Blog of Julian Andres Klode

Debian Developer | Ubuntu Member | Fellow of FSFE | SPI contributing member

APT2 progress report for the 1st half of December

This week was successful. I have pushed some changes from November to the repository which change the license to LGPL-2.1+ (which makes bi-directional sharing of code with other projects easier, since most Vala code is under the same license) and implement HTTP using libsoup2.4 directly, instead of using GIO and GVFS for this. I also added a parser for the sources.list format which uses regular expressions to parse the file and is relatively fast. The code needs a current checkout of Vala’s git master to work correctly; as released versions had a bug which I noticed today and Jürg Billeter fixed in Vala 25 minutes later; thank you Jürg.

While nothing else happened in the public repository, the internal branch has seen a lot of new code; including SQLite 3 caches; Acquire text progress handling; and capt; the command-line advanced package tool. Most of the code will need to be reworked before it will be published, but I hope to have this completed until Christmas. It will also depend on Vala 0.7.9 or newer, which is yet to be released.

The decision to use SQLite 3 as a backend means that we won’t see the size limitations APT has and that development can be simplified by using SQL queries for filtering requests.
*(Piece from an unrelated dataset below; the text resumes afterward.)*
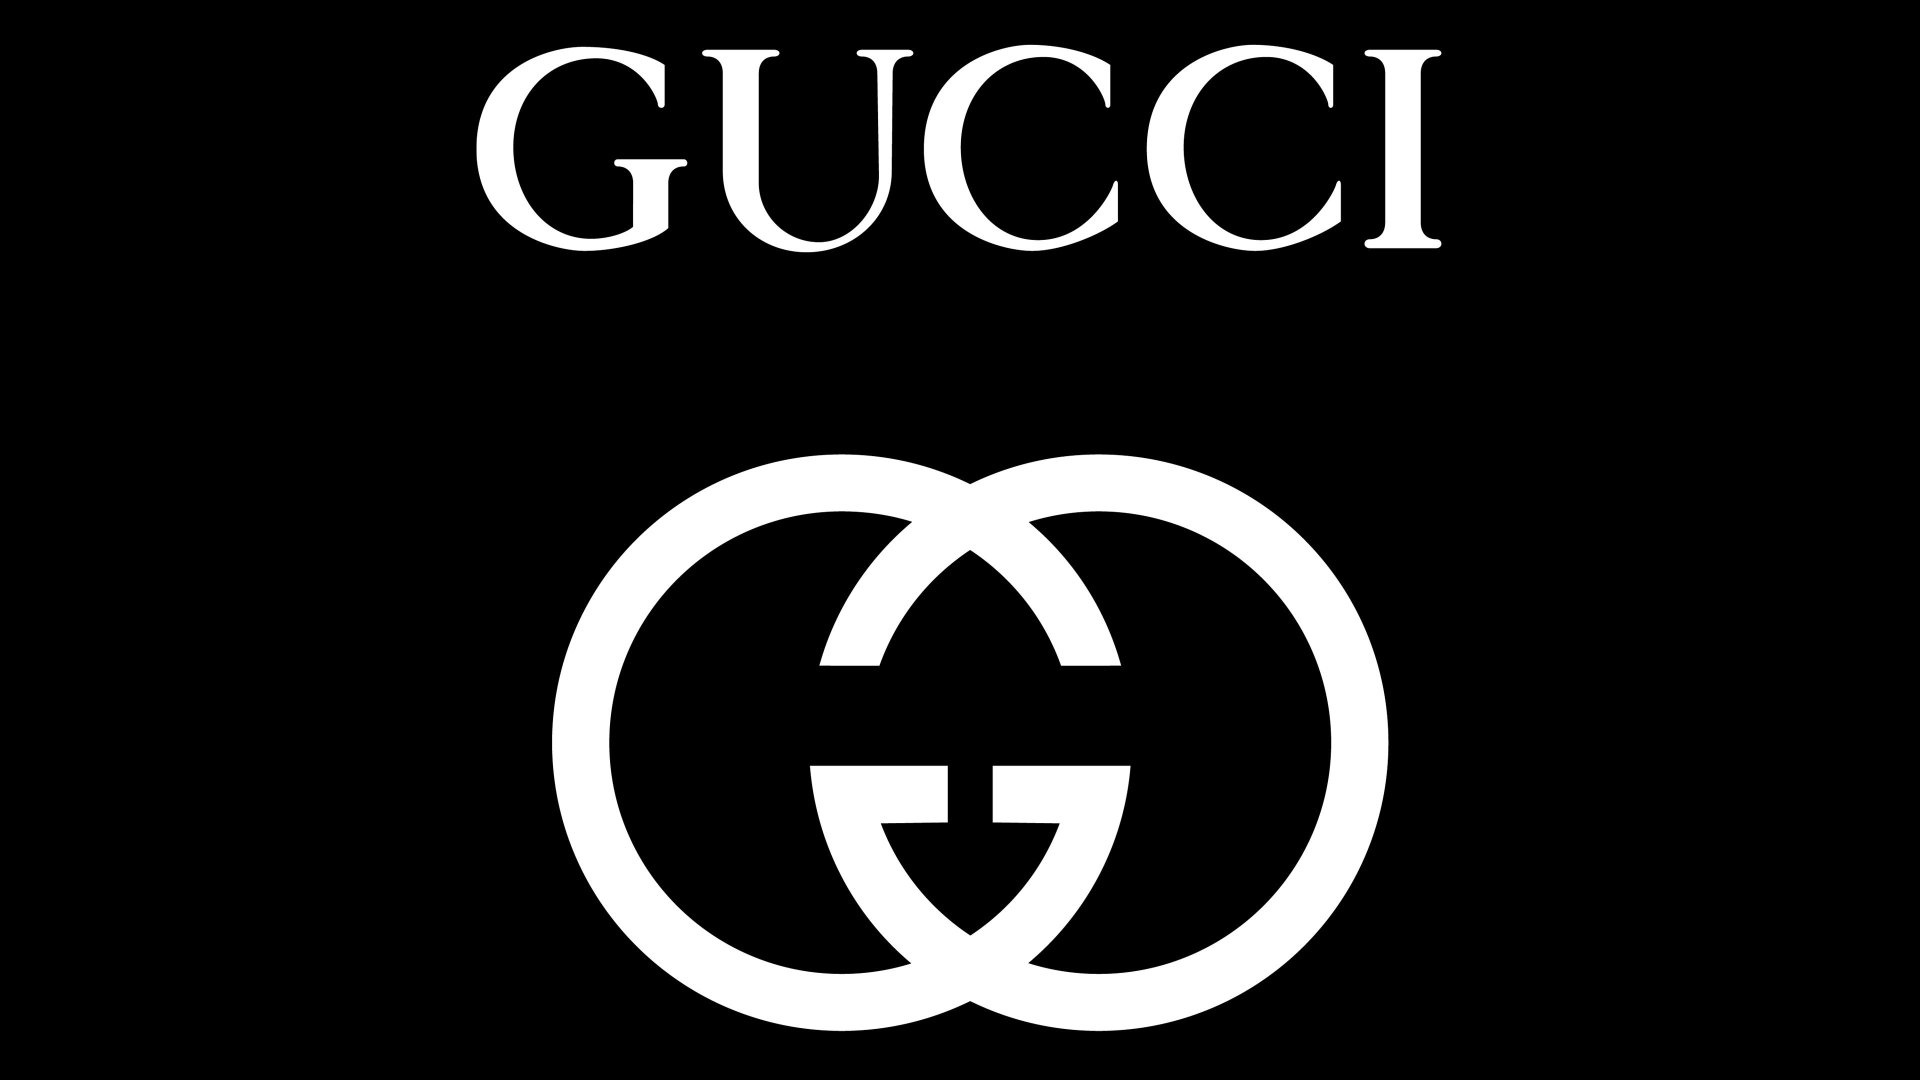 Gucci: Holding company based in Florence, Italy, A subsidiary of the French luxury group Kering. 1920x1080 Full HD Wallpaper.

It also means that APT2 will be very fast in most actions, like searching; which currently happens in 0.140 seconds (unstable,experimental and more repositories enabled), whereas aptitude takes 1.101 seconds, cupt (which has no on-disk cache) 1.292 seconds, and apt-cache 0.475 seconds. Searching is performed by one SQL query. I also want to thank Jens Georg <mail@jensge.org>, who wrote Rygel’s Database class which is also used with minor modifications (like defaulting to in-memory journals) in APT2 as well. Rygel.Database is a small wrapper around sqlite3 which makes it easier to program for Vala programmers.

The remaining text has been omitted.